* YOUR TASK *
Nothing outside the lines below from the one containing "2x HANGCURE REBOUND + FREE SHIPPING" through the one containing "Ecology and Biology" is to be printed; print those exactly, ends included, and drop the pictures.

* SUPPLIED RECORDS *

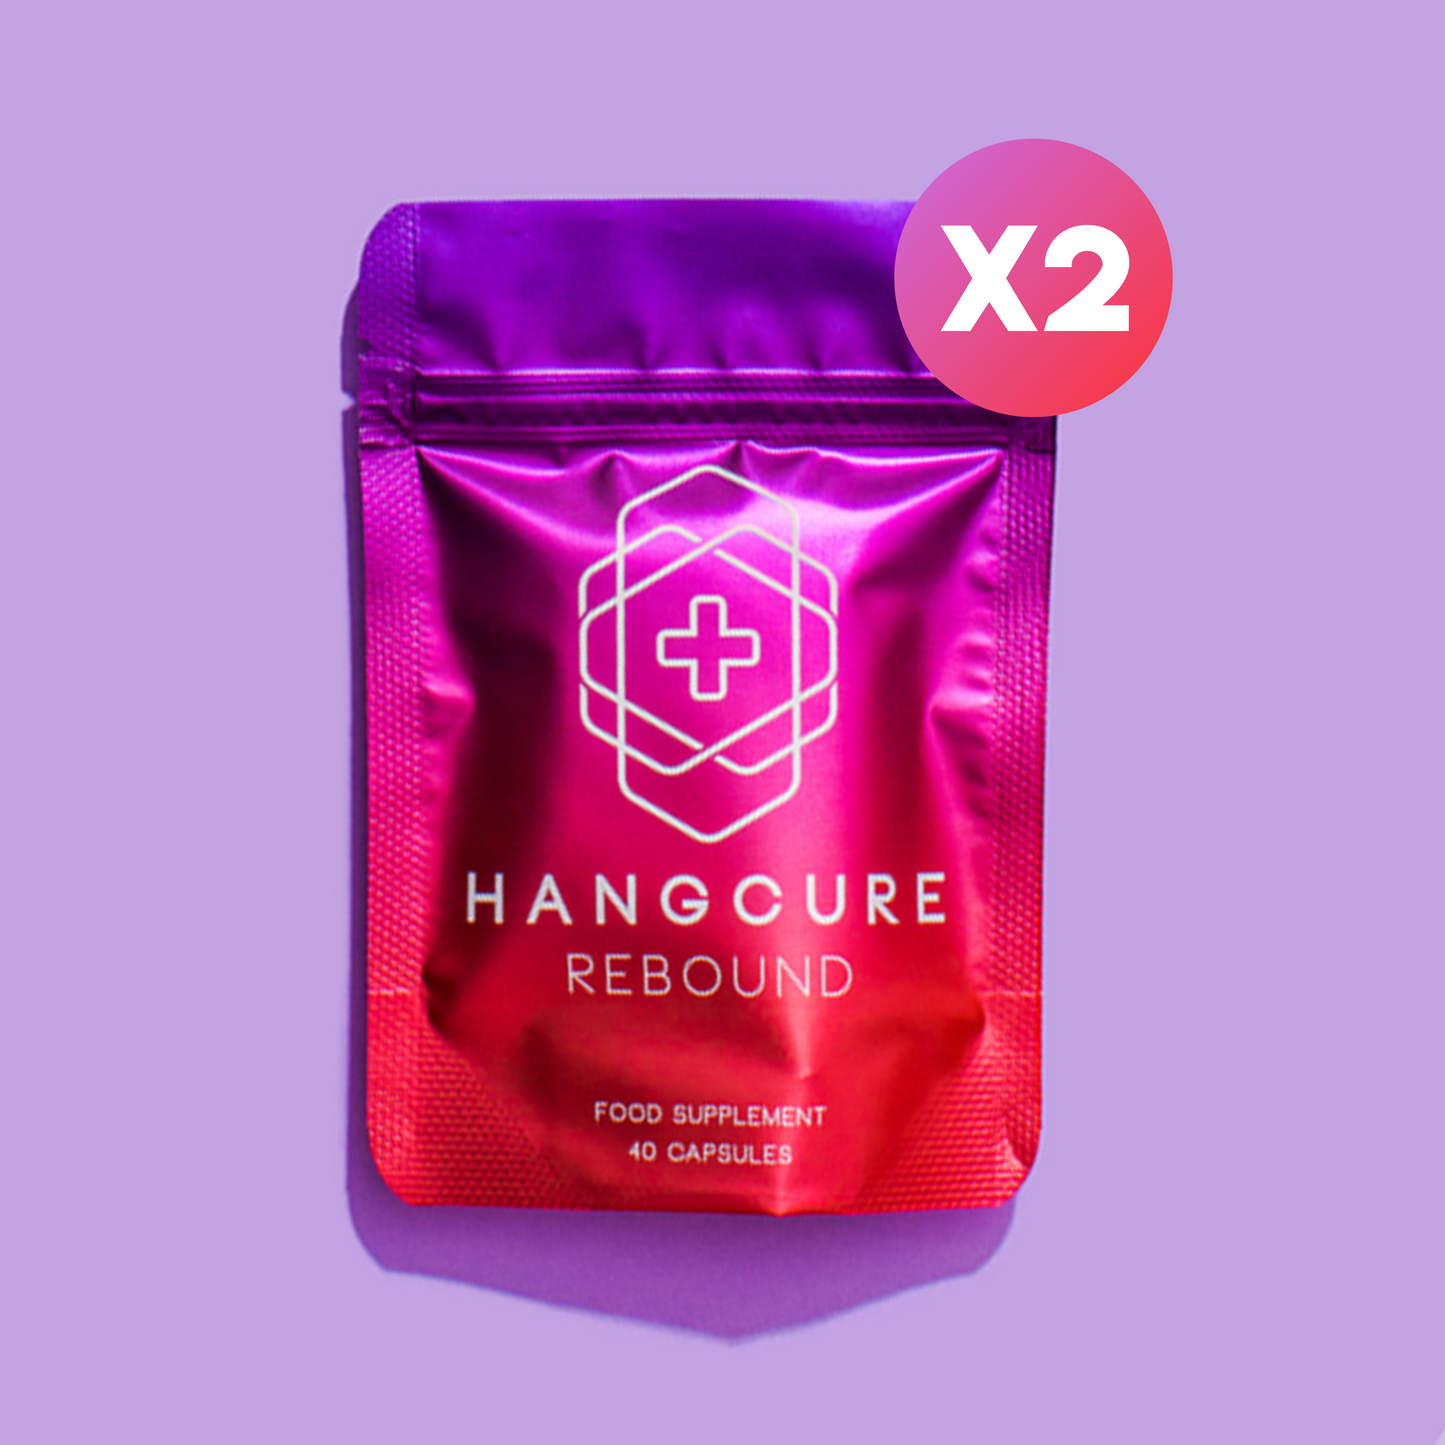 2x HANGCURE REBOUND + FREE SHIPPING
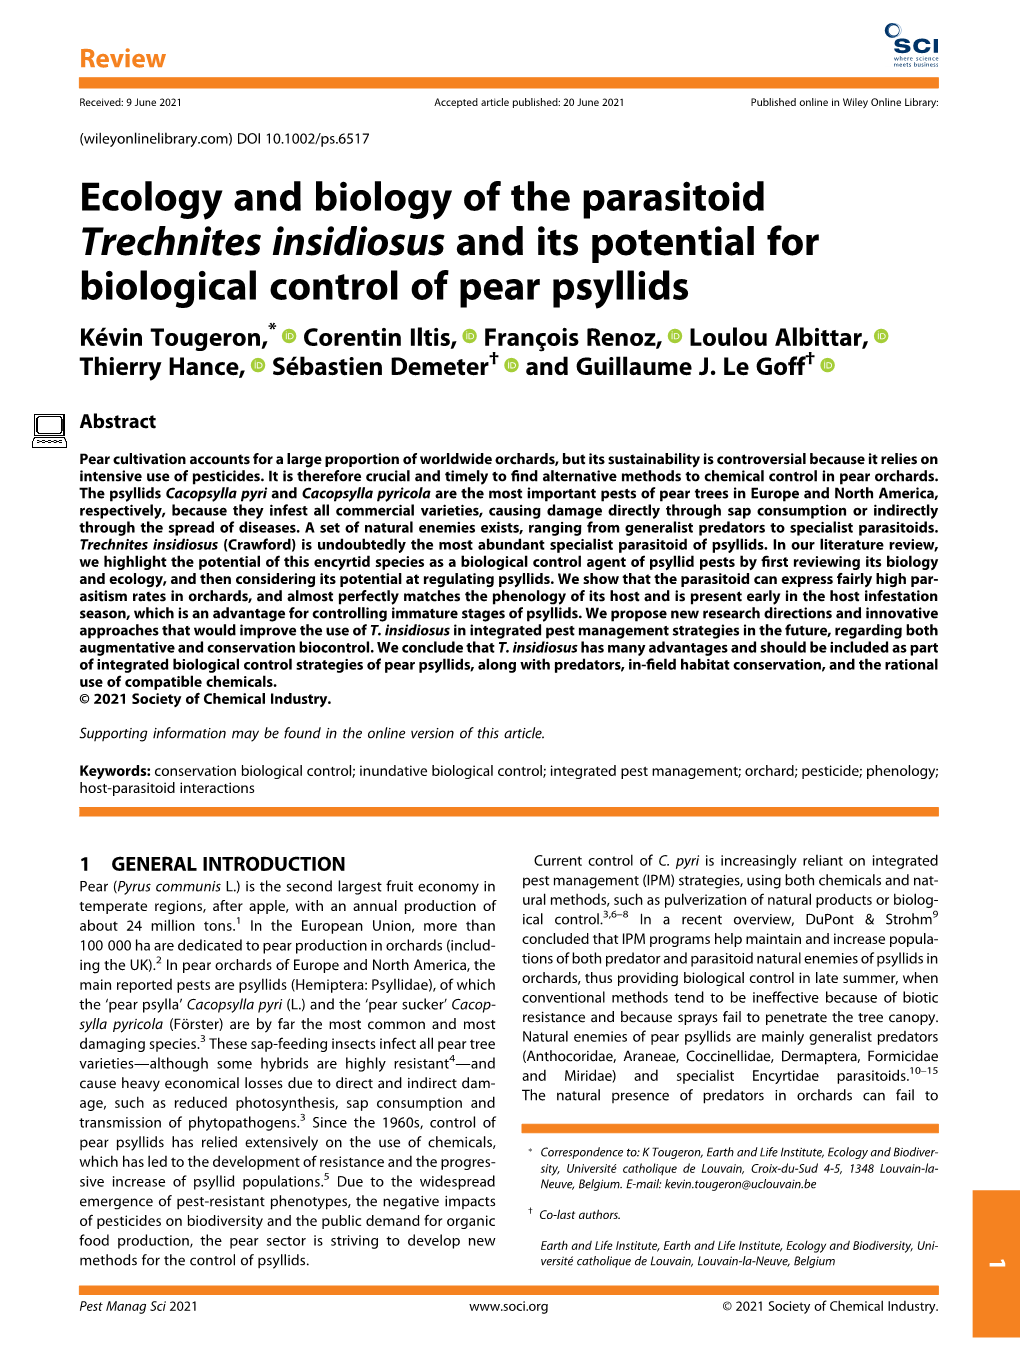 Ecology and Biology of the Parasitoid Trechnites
--
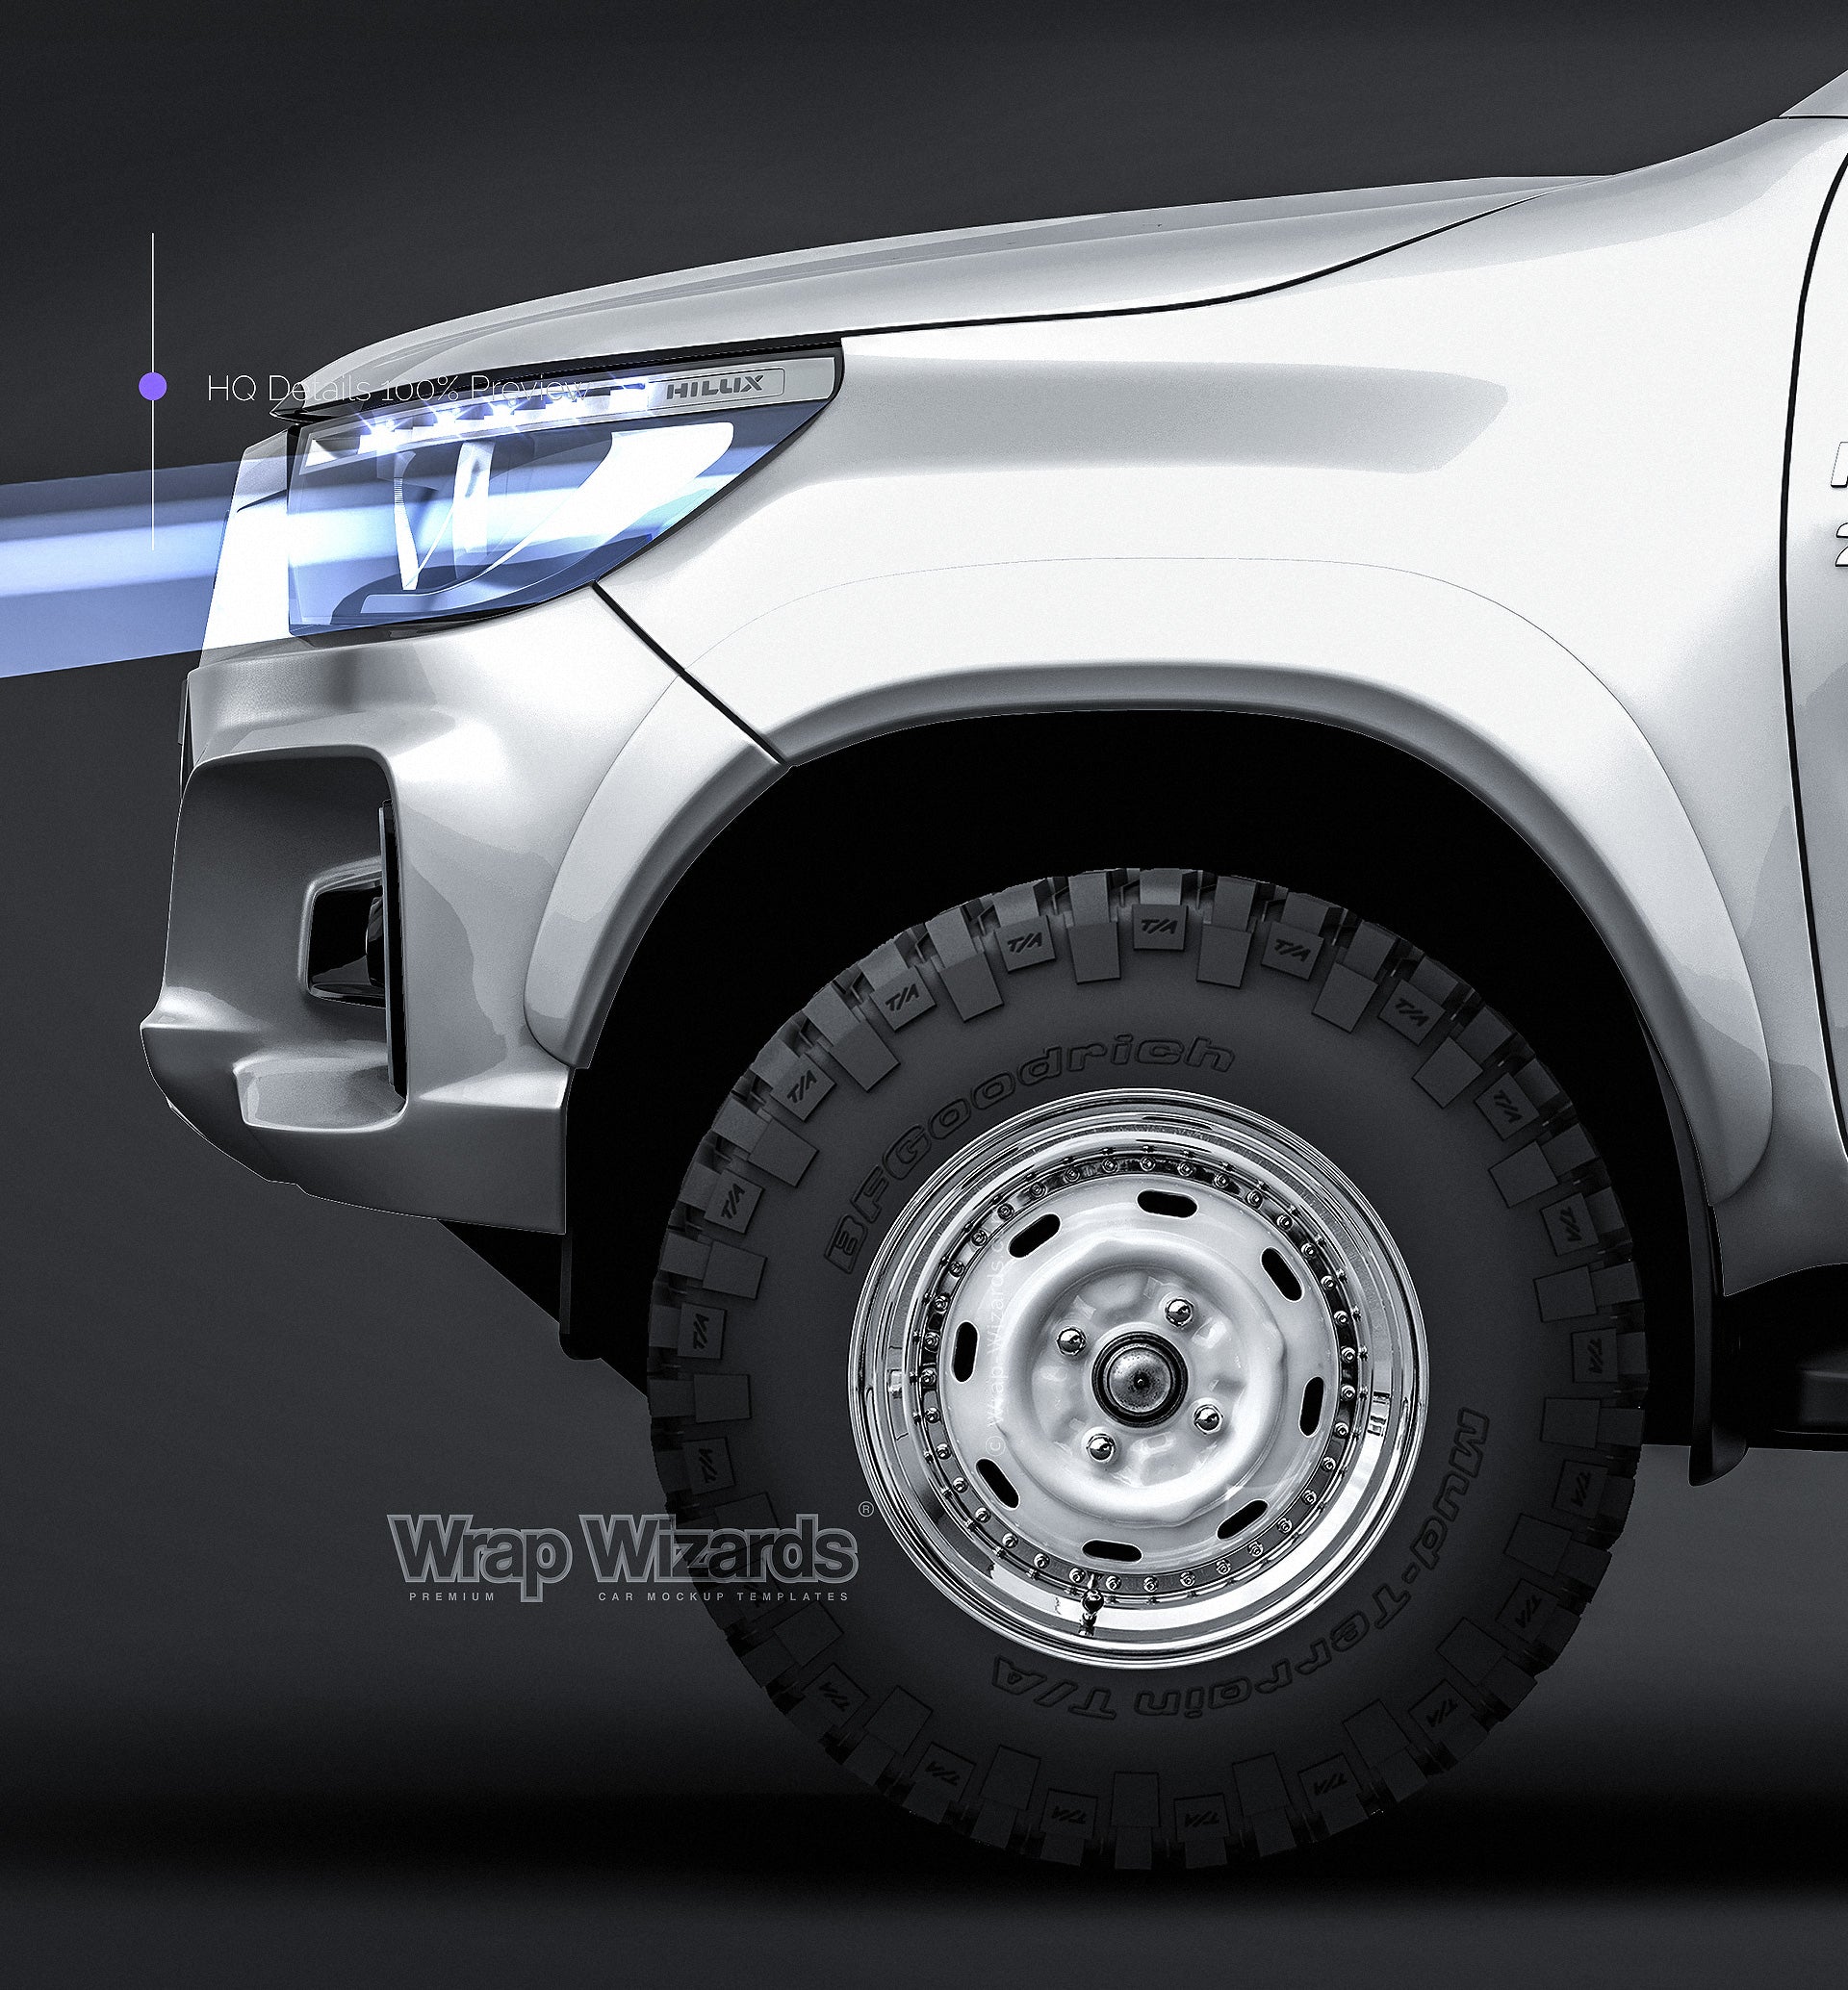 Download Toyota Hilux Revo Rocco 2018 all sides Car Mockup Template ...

* EXERCISE ANSWER *
 2x HANGCURE REBOUND + FREE SHIPPING
 Ecology and Biology of the Parasitoid Trechnites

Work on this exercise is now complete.